Entries provided Start Marker

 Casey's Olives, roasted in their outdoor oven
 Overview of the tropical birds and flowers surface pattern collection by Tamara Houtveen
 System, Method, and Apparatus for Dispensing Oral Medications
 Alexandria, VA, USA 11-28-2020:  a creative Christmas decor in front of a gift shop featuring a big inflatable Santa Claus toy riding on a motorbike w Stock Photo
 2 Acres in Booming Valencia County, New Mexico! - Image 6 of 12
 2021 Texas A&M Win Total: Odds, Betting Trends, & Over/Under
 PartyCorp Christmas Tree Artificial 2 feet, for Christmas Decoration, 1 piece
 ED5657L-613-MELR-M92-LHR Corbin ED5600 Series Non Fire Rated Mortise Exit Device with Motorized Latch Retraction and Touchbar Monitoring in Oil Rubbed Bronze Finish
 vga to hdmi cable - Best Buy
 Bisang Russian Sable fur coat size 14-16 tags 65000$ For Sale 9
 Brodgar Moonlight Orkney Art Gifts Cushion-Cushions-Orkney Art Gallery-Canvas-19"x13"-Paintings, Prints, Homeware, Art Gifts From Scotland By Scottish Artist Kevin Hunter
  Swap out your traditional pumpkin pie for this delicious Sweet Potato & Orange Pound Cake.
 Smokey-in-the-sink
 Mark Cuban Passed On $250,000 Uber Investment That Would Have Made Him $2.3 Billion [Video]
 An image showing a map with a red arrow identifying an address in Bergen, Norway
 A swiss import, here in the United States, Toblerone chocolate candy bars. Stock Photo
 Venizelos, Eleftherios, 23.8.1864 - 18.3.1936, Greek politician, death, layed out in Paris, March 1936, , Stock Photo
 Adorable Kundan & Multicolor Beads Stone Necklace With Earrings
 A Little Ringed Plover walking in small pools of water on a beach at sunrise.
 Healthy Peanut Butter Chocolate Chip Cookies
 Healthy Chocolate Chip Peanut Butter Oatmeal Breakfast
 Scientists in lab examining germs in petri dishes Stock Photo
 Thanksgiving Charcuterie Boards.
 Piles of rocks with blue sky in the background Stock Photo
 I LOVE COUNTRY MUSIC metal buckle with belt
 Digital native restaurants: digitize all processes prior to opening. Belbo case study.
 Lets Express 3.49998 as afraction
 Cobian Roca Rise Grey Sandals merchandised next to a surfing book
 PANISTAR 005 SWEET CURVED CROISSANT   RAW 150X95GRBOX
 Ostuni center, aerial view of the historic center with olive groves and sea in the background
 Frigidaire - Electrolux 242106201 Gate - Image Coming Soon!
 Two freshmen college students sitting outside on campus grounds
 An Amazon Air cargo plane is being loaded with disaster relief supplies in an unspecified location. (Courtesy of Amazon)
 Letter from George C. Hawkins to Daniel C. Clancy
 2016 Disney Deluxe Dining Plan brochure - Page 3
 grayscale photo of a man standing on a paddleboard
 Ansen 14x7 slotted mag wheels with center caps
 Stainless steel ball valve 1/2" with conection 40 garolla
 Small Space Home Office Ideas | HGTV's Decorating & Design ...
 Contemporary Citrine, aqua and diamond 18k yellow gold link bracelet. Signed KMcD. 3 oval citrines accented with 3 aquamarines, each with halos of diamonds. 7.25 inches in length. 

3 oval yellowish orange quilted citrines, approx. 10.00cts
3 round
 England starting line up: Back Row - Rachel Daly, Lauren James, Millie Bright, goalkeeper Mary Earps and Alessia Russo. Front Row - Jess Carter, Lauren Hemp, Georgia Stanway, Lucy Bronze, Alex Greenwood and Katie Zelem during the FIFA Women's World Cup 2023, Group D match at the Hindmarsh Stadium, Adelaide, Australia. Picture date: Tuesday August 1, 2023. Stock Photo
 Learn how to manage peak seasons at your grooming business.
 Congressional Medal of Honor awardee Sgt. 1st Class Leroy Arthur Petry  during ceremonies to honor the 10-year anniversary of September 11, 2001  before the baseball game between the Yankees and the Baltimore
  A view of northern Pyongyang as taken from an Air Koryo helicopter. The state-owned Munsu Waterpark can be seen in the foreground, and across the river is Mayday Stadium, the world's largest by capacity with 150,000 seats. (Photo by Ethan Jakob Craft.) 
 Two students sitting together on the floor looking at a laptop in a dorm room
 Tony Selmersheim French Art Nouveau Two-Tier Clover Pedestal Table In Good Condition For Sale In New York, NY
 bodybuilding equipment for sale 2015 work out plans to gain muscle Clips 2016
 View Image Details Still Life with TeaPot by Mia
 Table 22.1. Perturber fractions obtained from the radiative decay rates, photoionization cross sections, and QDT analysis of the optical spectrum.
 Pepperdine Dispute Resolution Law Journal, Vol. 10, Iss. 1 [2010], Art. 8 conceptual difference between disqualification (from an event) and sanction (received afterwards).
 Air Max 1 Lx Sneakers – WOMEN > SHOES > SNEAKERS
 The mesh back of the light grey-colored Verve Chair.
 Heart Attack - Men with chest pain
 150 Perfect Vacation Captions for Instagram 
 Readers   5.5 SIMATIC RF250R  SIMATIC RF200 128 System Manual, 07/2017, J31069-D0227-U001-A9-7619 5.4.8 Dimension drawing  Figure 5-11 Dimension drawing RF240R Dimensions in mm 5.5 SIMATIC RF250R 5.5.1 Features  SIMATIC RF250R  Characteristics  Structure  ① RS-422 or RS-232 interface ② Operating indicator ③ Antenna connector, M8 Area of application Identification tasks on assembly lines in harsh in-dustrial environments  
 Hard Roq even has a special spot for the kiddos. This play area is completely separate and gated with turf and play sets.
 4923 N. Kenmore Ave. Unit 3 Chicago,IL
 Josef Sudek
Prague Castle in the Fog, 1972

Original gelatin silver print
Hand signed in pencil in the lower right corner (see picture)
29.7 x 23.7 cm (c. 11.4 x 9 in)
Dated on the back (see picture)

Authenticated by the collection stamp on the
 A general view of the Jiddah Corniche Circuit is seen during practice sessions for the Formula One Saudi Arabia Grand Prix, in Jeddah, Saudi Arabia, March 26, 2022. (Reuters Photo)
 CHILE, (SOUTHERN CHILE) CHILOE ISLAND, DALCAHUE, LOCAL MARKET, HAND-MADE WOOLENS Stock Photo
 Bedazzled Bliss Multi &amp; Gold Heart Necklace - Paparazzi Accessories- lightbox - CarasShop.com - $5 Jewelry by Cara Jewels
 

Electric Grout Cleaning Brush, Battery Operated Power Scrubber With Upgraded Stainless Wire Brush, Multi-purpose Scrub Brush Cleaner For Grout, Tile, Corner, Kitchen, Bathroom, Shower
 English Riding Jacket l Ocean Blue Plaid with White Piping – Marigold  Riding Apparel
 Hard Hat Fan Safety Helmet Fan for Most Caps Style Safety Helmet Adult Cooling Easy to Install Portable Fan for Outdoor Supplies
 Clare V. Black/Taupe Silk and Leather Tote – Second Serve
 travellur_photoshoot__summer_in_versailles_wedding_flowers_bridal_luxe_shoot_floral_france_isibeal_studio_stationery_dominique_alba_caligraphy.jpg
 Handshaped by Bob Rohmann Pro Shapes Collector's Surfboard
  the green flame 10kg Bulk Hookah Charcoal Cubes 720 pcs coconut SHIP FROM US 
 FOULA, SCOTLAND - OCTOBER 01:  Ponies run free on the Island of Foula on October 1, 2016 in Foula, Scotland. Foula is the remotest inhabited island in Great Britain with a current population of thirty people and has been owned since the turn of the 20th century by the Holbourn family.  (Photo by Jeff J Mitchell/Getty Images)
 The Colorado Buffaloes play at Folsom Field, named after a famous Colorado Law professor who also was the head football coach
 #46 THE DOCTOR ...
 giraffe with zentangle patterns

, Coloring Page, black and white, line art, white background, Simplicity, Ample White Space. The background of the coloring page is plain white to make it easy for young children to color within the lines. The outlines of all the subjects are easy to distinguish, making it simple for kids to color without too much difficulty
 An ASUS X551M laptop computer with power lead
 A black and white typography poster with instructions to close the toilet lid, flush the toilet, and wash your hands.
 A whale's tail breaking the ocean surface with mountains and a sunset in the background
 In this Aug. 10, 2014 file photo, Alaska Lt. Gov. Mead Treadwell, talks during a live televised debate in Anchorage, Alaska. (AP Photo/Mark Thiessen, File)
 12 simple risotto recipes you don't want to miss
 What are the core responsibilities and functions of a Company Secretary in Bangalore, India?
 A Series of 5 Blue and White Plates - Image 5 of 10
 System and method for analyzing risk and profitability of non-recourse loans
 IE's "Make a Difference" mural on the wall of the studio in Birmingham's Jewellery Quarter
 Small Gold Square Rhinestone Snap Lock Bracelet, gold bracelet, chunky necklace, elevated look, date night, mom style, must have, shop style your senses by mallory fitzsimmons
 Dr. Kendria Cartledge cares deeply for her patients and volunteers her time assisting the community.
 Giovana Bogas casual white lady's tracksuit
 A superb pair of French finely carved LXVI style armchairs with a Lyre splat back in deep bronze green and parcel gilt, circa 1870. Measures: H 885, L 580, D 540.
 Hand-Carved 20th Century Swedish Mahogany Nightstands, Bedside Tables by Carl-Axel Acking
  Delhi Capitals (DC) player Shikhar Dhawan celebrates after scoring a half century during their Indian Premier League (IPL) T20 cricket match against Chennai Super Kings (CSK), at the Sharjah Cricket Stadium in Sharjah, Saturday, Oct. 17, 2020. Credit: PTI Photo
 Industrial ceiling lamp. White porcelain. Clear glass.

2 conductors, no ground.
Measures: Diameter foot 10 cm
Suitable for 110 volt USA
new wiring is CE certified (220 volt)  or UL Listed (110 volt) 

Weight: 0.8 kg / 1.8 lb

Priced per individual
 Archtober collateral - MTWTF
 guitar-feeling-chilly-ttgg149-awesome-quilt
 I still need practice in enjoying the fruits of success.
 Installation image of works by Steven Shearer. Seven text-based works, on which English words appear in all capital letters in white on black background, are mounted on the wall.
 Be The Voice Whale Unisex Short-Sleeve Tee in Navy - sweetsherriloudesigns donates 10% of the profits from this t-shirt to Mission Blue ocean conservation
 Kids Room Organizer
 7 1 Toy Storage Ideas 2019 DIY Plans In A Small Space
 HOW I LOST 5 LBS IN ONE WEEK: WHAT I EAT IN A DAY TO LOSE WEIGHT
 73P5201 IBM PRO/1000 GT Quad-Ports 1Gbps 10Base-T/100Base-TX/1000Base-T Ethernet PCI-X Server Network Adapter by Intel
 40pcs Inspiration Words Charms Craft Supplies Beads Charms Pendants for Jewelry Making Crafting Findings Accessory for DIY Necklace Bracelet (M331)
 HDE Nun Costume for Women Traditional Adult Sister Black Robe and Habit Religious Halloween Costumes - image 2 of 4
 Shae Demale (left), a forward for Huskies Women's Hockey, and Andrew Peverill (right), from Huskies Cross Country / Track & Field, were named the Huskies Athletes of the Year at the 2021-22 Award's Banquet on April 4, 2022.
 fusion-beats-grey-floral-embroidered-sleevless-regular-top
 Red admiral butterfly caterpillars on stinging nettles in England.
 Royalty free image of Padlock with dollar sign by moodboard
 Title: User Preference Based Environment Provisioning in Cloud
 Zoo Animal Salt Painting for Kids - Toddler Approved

Entries provided End Marker

== What to produce ==
Copy the records above exactly, beginning at the line that contains "2016 Disney Deluxe" and stopping after the line that contains "Tony Selmersheim French".

== Exercise response ==
 2016 Disney Deluxe Dining Plan brochure - Page 3
 grayscale photo of a man standing on a paddleboard
 Ansen 14x7 slotted mag wheels with center caps
 Stainless steel ball valve 1/2" with conection 40 garolla
 Small Space Home Office Ideas | HGTV's Decorating & Design ...
 Contemporary Citrine, aqua and diamond 18k yellow gold link bracelet. Signed KMcD. 3 oval citrines accented with 3 aquamarines, each with halos of diamonds. 7.25 inches in length. 

3 oval yellowish orange quilted citrines, approx. 10.00cts
3 round
 England starting line up: Back Row - Rachel Daly, Lauren James, Millie Bright, goalkeeper Mary Earps and Alessia Russo. Front Row - Jess Carter, Lauren Hemp, Georgia Stanway, Lucy Bronze, Alex Greenwood and Katie Zelem during the FIFA Women's World Cup 2023, Group D match at the Hindmarsh Stadium, Adelaide, Australia. Picture date: Tuesday August 1, 2023. Stock Photo
 Learn how to manage peak seasons at your grooming business.
 Congressional Medal of Honor awardee Sgt. 1st Class Leroy Arthur Petry  during ceremonies to honor the 10-year anniversary of September 11, 2001  before the baseball game between the Yankees and the Baltimore
  A view of northern Pyongyang as taken from an Air Koryo helicopter. The state-owned Munsu Waterpark can be seen in the foreground, and across the river is Mayday Stadium, the world's largest by capacity with 150,000 seats. (Photo by Ethan Jakob Craft.) 
 Two students sitting together on the floor looking at a laptop in a dorm room
 Tony Selmersheim French Art Nouveau Two-Tier Clover Pedestal Table In Good Condition For Sale In New York, NY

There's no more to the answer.